NEAR SUCCESS: this command led to a single loop through all the files in the directory, which is good b / c solved the problem with an infinite loop. However, the URL string structure was truncated to include the name of the file from which the strings were obtained.

18

ls *.rtf *.txt | grep -v 'output.txt' | xargs grep -iIohE 'https?://[^[:space:]]+'
NEAR SUCCESS: This expression prevented the endless loop, which is good, it created a new file in the directory that it requested, which was small, about 30 KB. He captured all the correct characters in the string, but a pair is not needed.
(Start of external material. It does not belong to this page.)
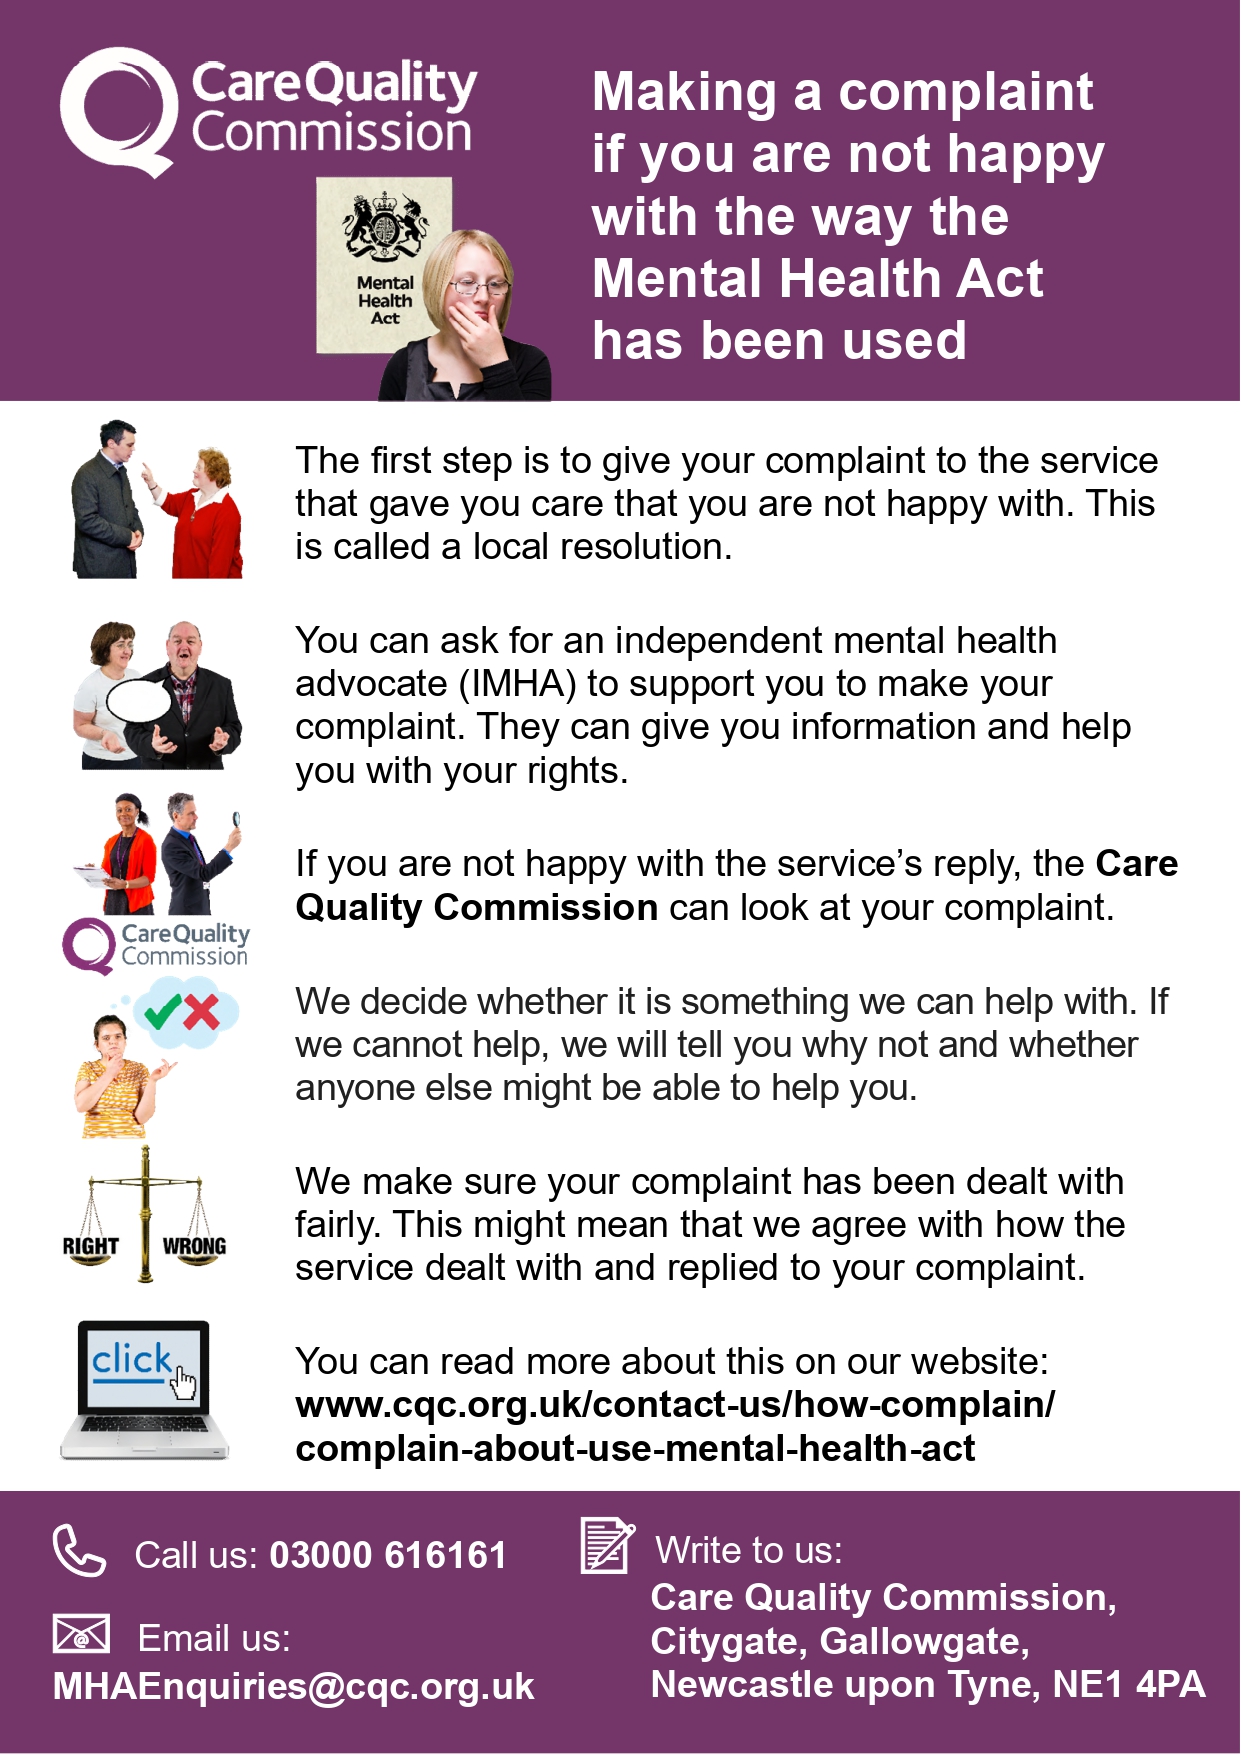 cqc mental health act complaints easyread poster

As Floris mentioned, in those cases where the URL was NOT completed with a space - for example, http://www.mumia-themovie.com/"}}{\fldrslt , he fixed the markup syntax.

19

ls *.rtf *.txt | grep -v 'output.txt' | xargs grep -iIohE 'https?://[az./?#=%_-,~&]+'
FAIL: This expression prevents an infinite loop, which is good, however it did NOT commit the entire URL string.

+6
source share
3 answers

The expression I gave in the comments (your test 17) was intended to test two things:

1) can we do an endless loop 2) can we iterate over all the files in the directory

I believe that we have achieved both. So, now I'm bold enough to offer a β€œsolution”:

 ls *.rtf *.txt | grep -v 'output.txt' | xargs grep -iIohE 'https?://[^[:space:]]+' 

Destruction:

 ls *.rtf *.txt - list all .rtf and .txt files grep -v 'output.txt' - skip 'output.txt' (in case it was left from a previous attempt) xargs - "take each line of the input in turn and substitute it - at the end of the following command - (or use -J xxx to sub at place of xxx anywhere in command) grep -i - case insensitive -I - skip binary (shouldn't have any since we only process .txt and .rtf...) -o - print only the matched bit (not the entire line), ie just the URL -h - don't include the name of the source file -E - use extended regular expressions 'http - match starts with http (there are many other URLs possible... but out of scope for this question) s? - next character may be an s, or is not there :// - literal characters that must be there [^[:space:]]+ - one or more "non space" characters (greedy... "as many as possible") 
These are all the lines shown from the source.